When it comes to identifying with representations of trans people on television, the Toronto-based artist says it's important for creators to expand their focus beyond what he calls the "narrow-minded sect of trans life": white men becoming women.
"This is why I love Orange is the New Black so much," says Silveira, "because of the character Laverne Cox plays." Cox plays a black, transgendered woman on the Netflix prison series.
"To me, she's been one of the greatest representations of the trans narrative, because it doesn't speak always to the same one that we always see."
Trans-positive lineups
Dramas like Orange is the New Black and the acclaimed series Transparent are leading the way in an increasingly trans-positive TV landscape.
This summer, ABC Family will premiere Becoming Us, an unscripted show that chronicles the life of 17-year-old Ben Lehwald of Evanston, Ill. as his father Charlie transitions to become Carly.
The TLC cable network is premiering a series about a transgender 14-year-old called I am Jazz on July 15, and in April Discovery Life aired New Girls on the Block about a group of transgender friends in Kansas City.
This Friday, Netflix will premiere the global dramatic thriller Sense8 which features transgender actress Jamie Clayton in the main role.
The series was created in part by the Wachowski siblings, the movie-making duo behind Bound and the Matrix trilogy.

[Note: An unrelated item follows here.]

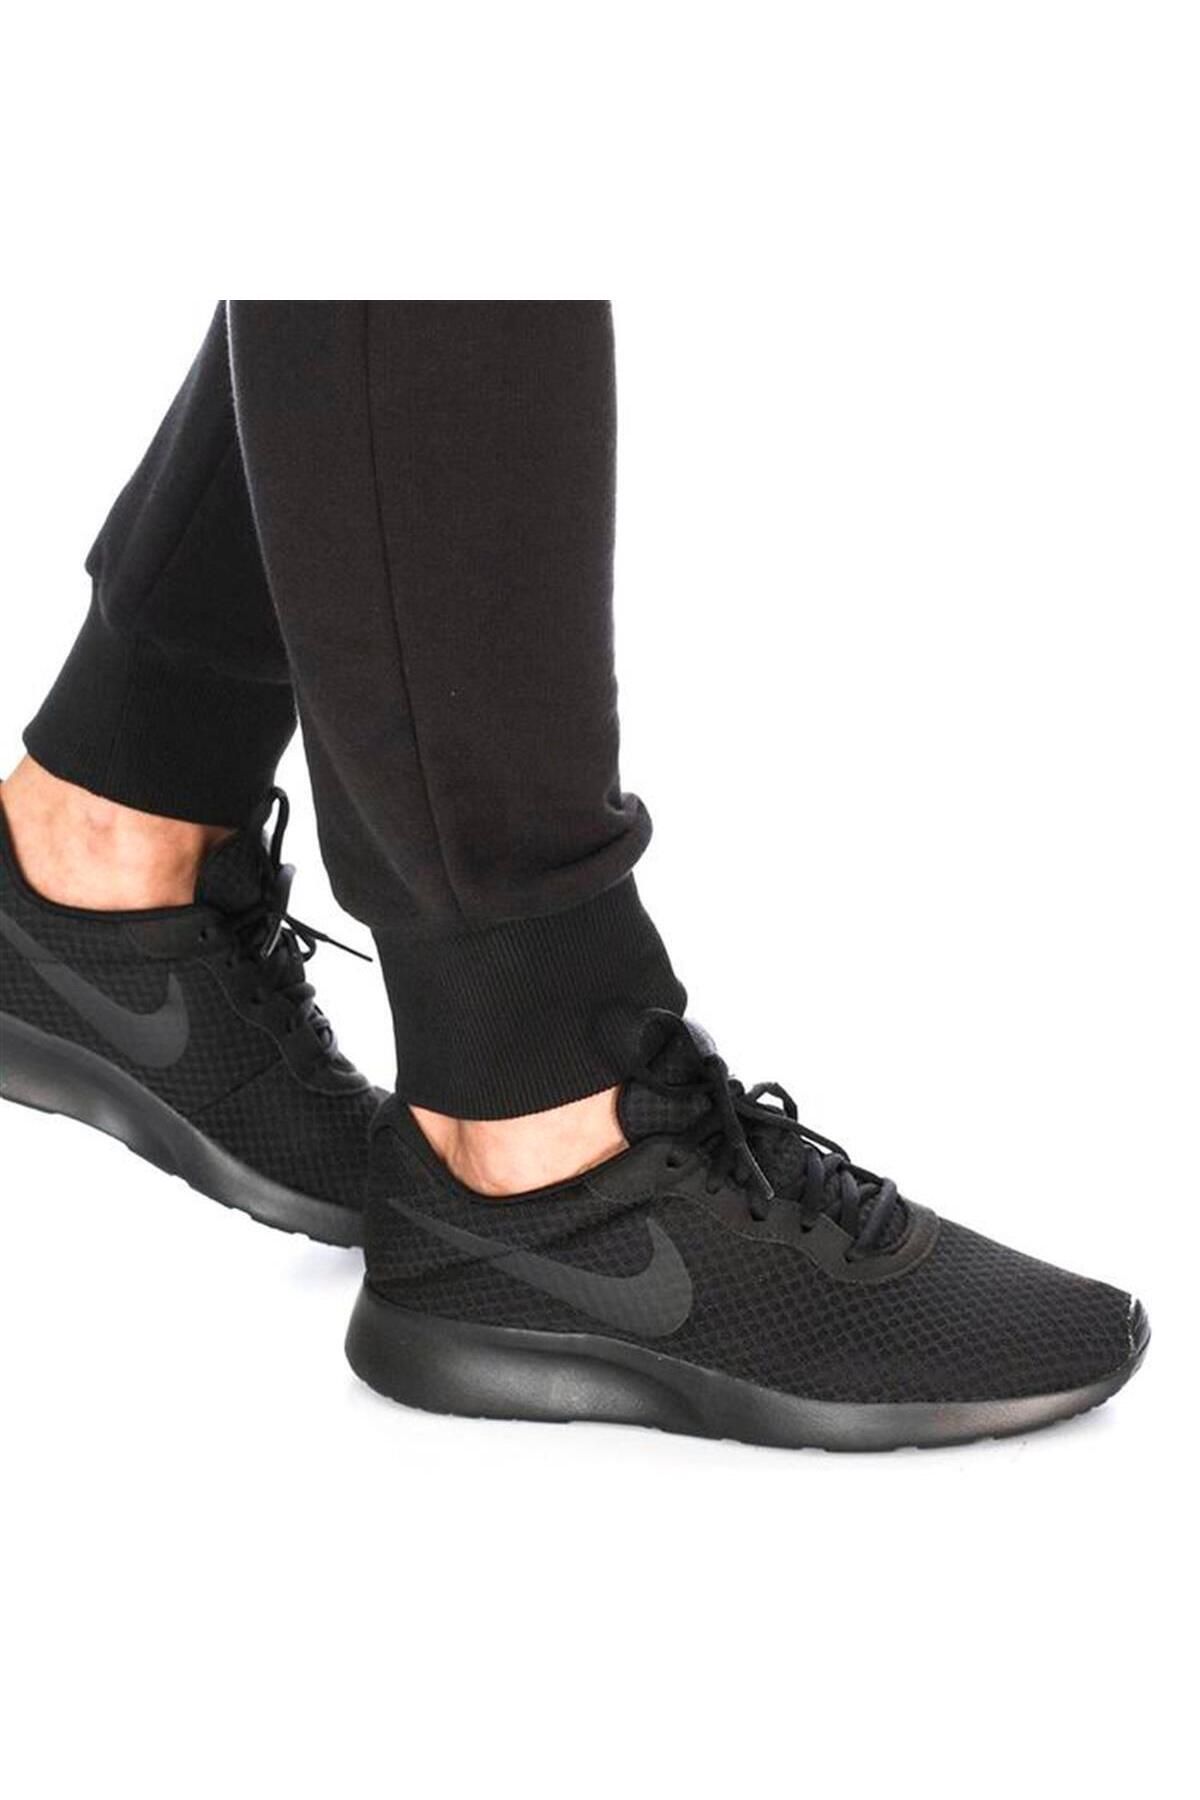 Nike Tanjun Erkek Siyah Koşu Ve Yürüyüş Ayakkabısı 812654-001
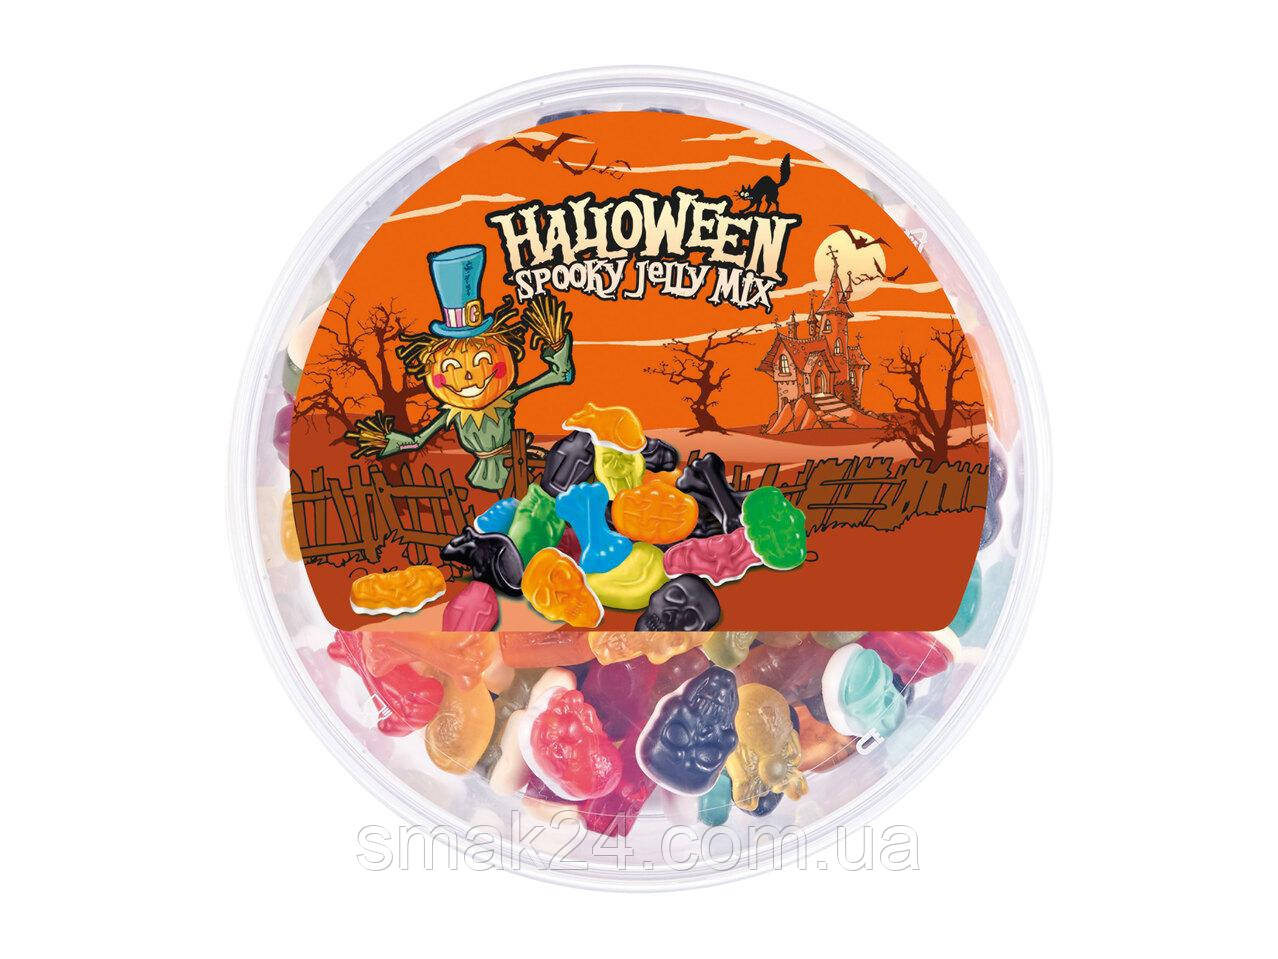 Желейні цукерки із фруктовим смаком Halloween Spooky Jelly Mix 1000г Польща, фото 1

Lana Wachowski, one half of the American filmmaking two-some, became the first major Hollywood director to come out as transgender.
But offscreen, with transgender people who aren't rich and famous still facing rejection, unemployment, even high suicide rates, the road to equality might still be bumpy.
"We always talk about the pretty parts," says Silveira, "we don't talk about all the struggles people go through."